This time, it's getting closer to the data analysis method in earnest. I will post about visualization for clients.
It is also called a statistical chart in Japanese.
Information that cannot be read only by numerical values Easy to understand by visualization etc. Represented by charts and figures.
Plot the data on a plane A graph connecting the plotted data with a straight line.

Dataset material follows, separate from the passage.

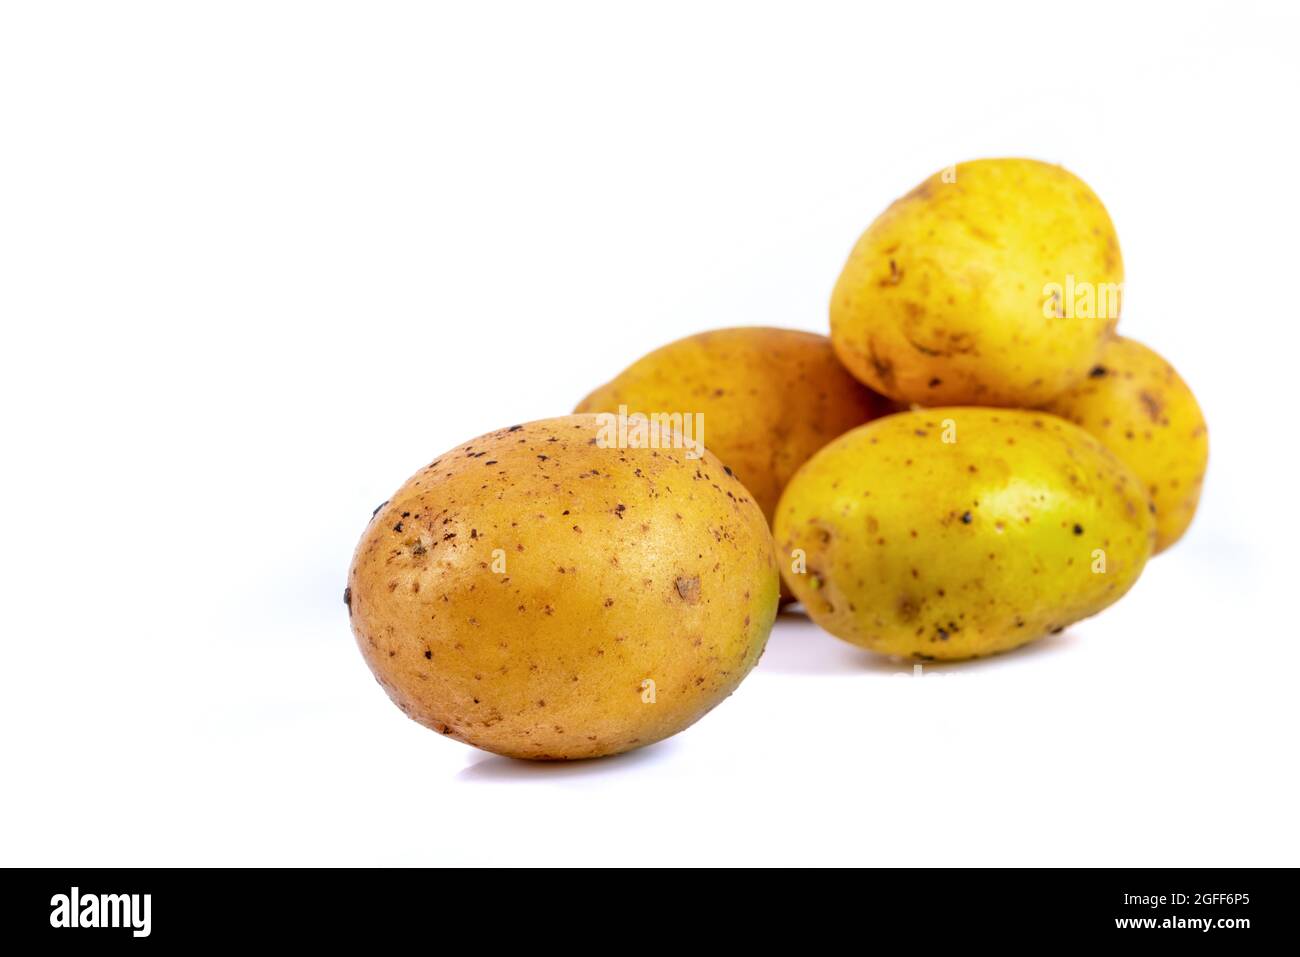 whole fresh potato on isolated white background Stock Photo

Use: Suitable for visualizing the amount that changes with time and position (distance). Example: By associating time on the horizontal axis (x-axis) and sales volume of products on the vertical axis (y-axis) You can visualize the transition of sales volume.
A graph in which items are arranged on the horizontal axis and the values taken by the items are vertically represented by the length of the figure.
Use: A good visualization method for comparing the values of two or more items Example: Useful if you want to visualize the number of votes cast by agenda.
Also called a frequency distribution map.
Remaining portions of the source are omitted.